Yes I feel this way everyday unfortunately. The thought is always on my mind and stressing me out... "What if I am too dumb to be a nurse? How will i every enjoy getting up at 6 am to go to the hospital ?" Honestly, most of the time i have no clue what im doing, and that makes me worried. I definitely know i do not ever want to work in med surg... which is the clinical that has made me hate nursing. Im a senior and do not have a nursing job because i actually wanted to enjoy my summer and not be a CNA or student nurse tech. I just want to get my RN license and hopefully work in OB or psych... not sure yet. I know this is wishful thinking but I am just going to hope for the best and try to get thru this last year. Im planning to do my preceptorship in postpartum , maybe? Any inspiring words anyone ???????? :( i feel terrible that i feel this way but i cant help it. I am doing good in all my classes so far but I just feel totally unprepared to be a nurse, and i graduate this year. anyone feel this way upon graduation? Does orientation as a new grad prepare you for the job ? I sure hope so..... ughhhhh. needed to vent:confused:

Specializes in 1st year Critical Care RN, not CCRN cert.

You have to remember as a nurse tech you are not a nurse. You are not responsible for as much stuff as a tech as when you are in your student nurse role. Just do your bedside care/ vitals and get a routine down. It will help you organize yourself as an RN later down the road.

What is it about being a tech that you don't like? Is it the actual patient care?

Specializes in Oncology/hematology.

I understand what you're talking about, I may be getting great grades (in clinicals also) but sometimes it just feels like i'm waiting for someone to jump out from behind a pillar, point a finger and scream for everyone to hear "FAKER"!!!

I'm just hoping that during the preceptorship i'll really gain the proper confidence so I don't feel like such a fake.

I also didn't want to work in the hospital as a student over the summer, they treat you like a dishrag if you're not an RN. I preferred to work as a swimming instructor, making good money and having fun doing it. I also didn't work during the semester in the hospital (i taught swimming instead) because I felt that 8 hours of school/clinicals + 8 hour shift was too much time and would cause me to be burnt out and lose focus.

YOU ARE NOT ALONE!!!

I've been having the same problem in my clinicals. I always feel like everybody else is more prepared then me, knows more, can manage their time more, etc. Until I really talked to them and learned that everybody feels pretty much the same way-unprepared to take on patients on their own. Several of the nurses at my clinicals told me that nursing school is terrible, and makes everyone feel incompetent. They said once you're out on your own, it gets a lot easier. Also, that while a preceptorship really helps you feel more comfortable before graduation, it takes about a year of working as an RN before you truly feel comfortable with whatever you're doing.

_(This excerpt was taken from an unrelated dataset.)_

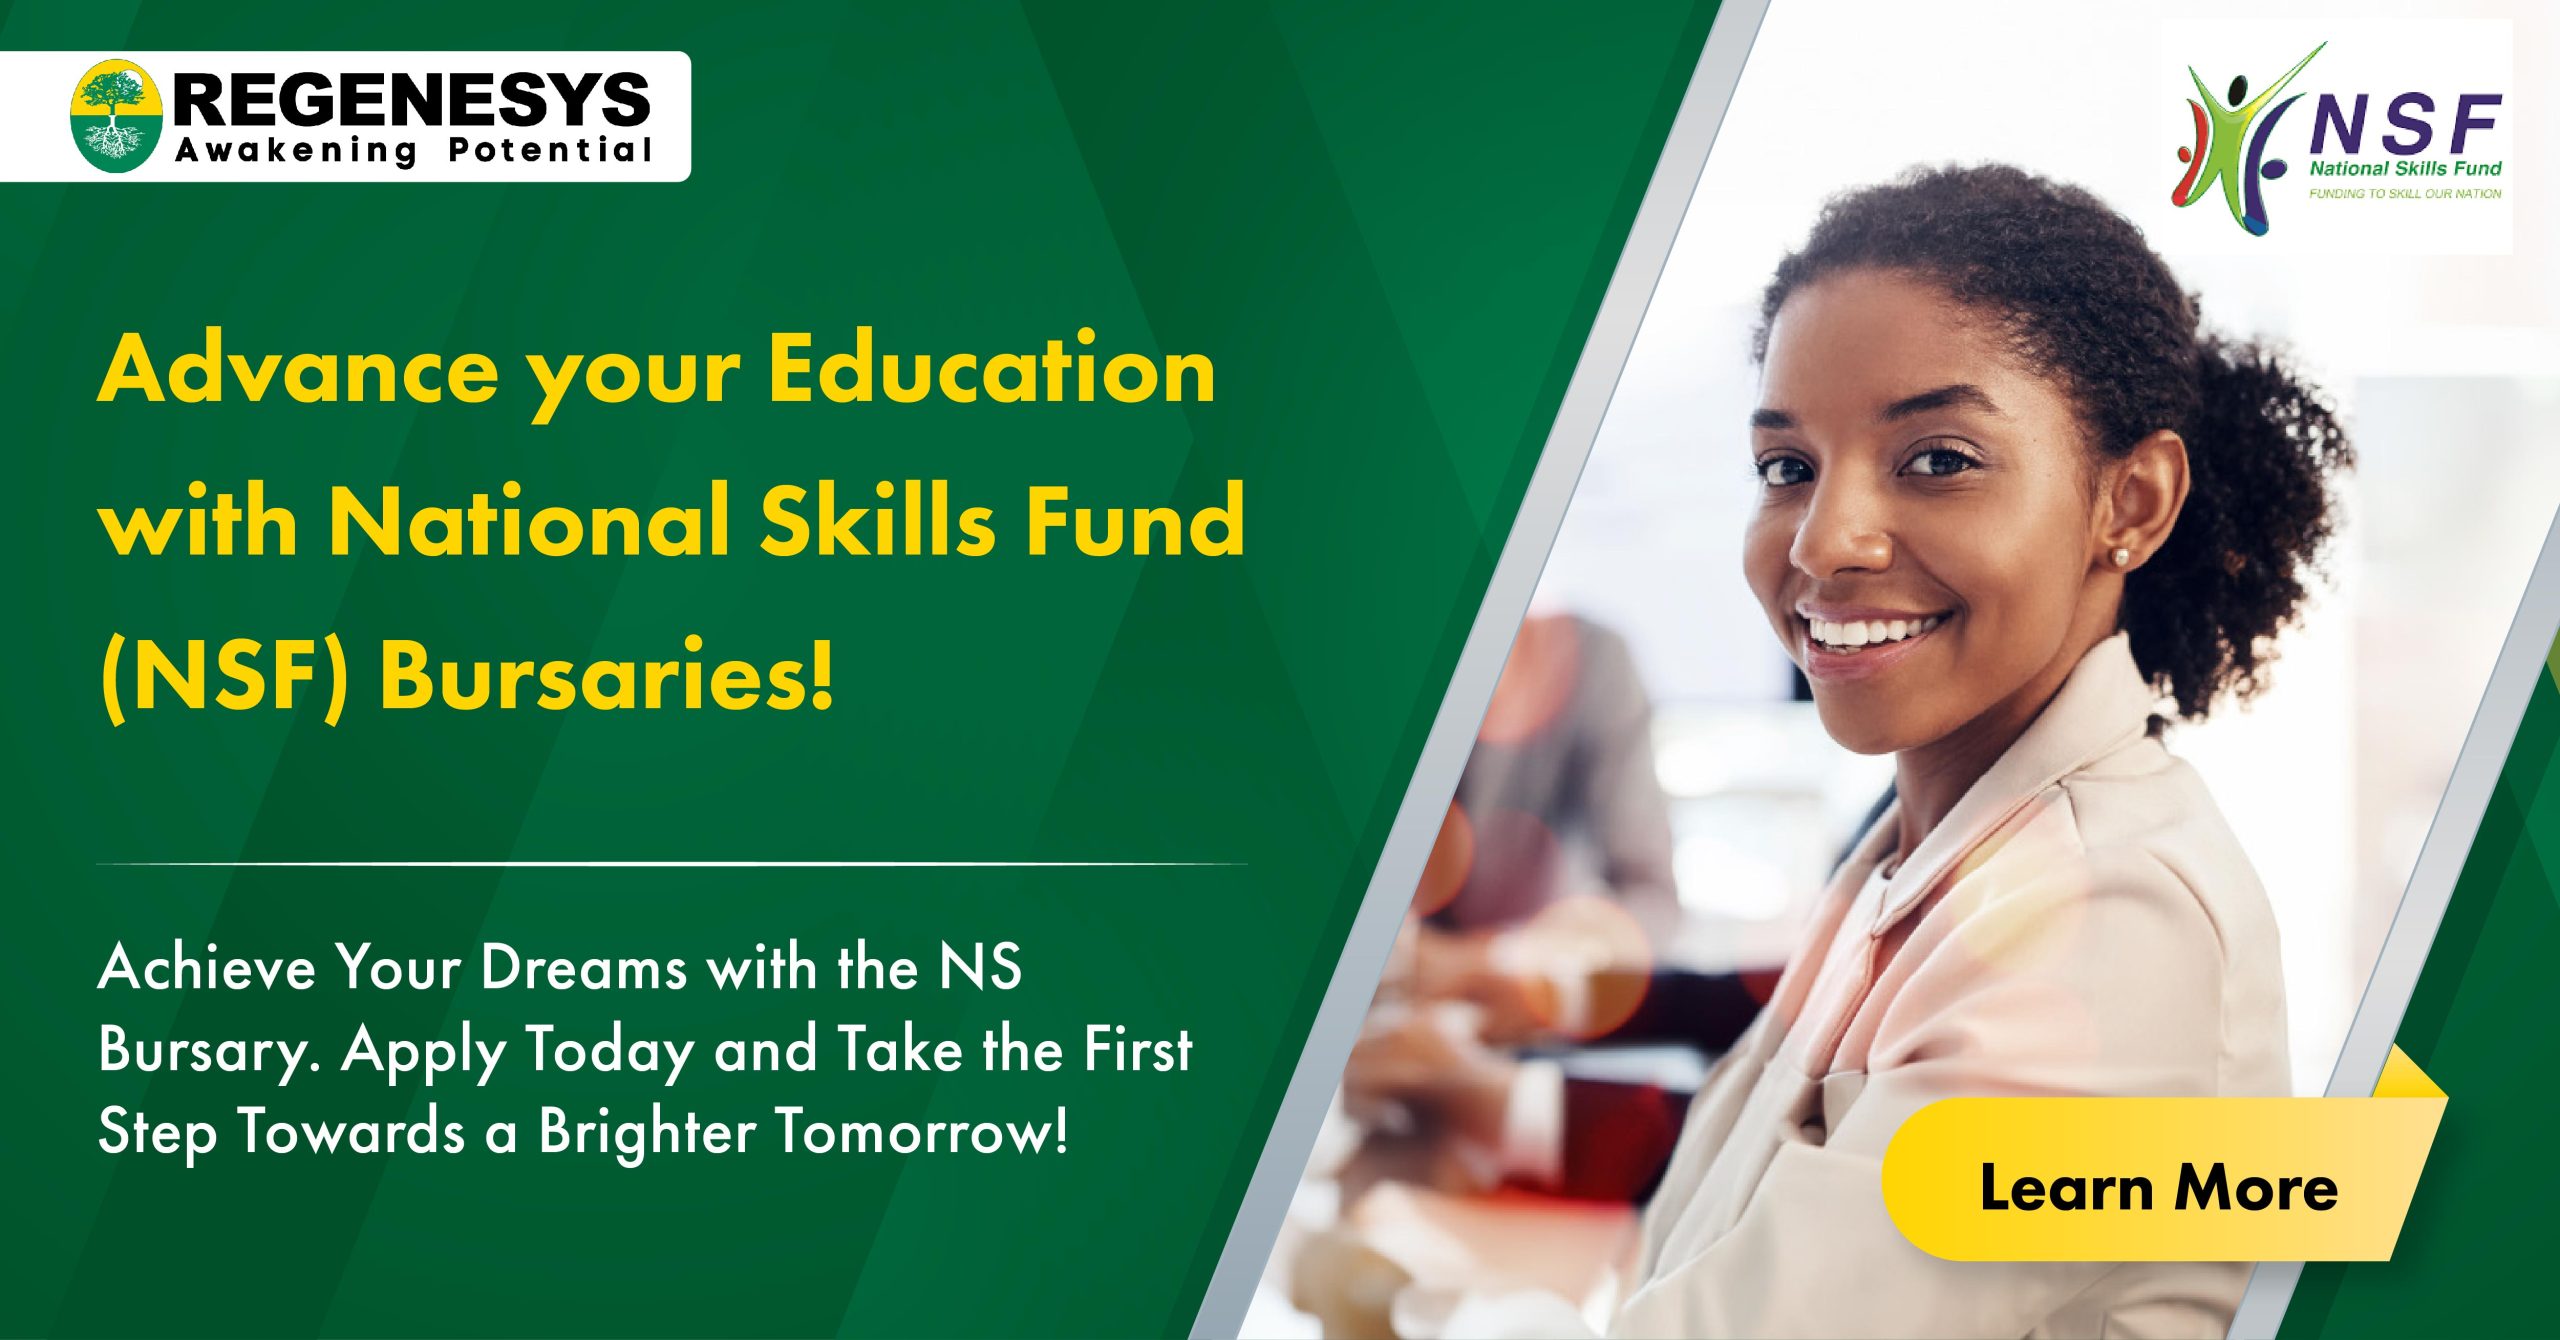 
national skills fund bursary

I don't know if that makes your more nervous, or helps to alleviate some of your fears, but just know that you're definitely not the only person that's feeling like this, and eventually it will get better.

I also heard from nurses that it takes at least a year of working to get comfortable. My instructor says we'll feel lost for two years and that it is completely normal. I feel you though. I'm in my last semester and feel like a complete moron some days. Other days I think I'll be okay. Everyone tells me "just get through nursing school because you'll learn exactly what you need when you get hired in whatever department you're in."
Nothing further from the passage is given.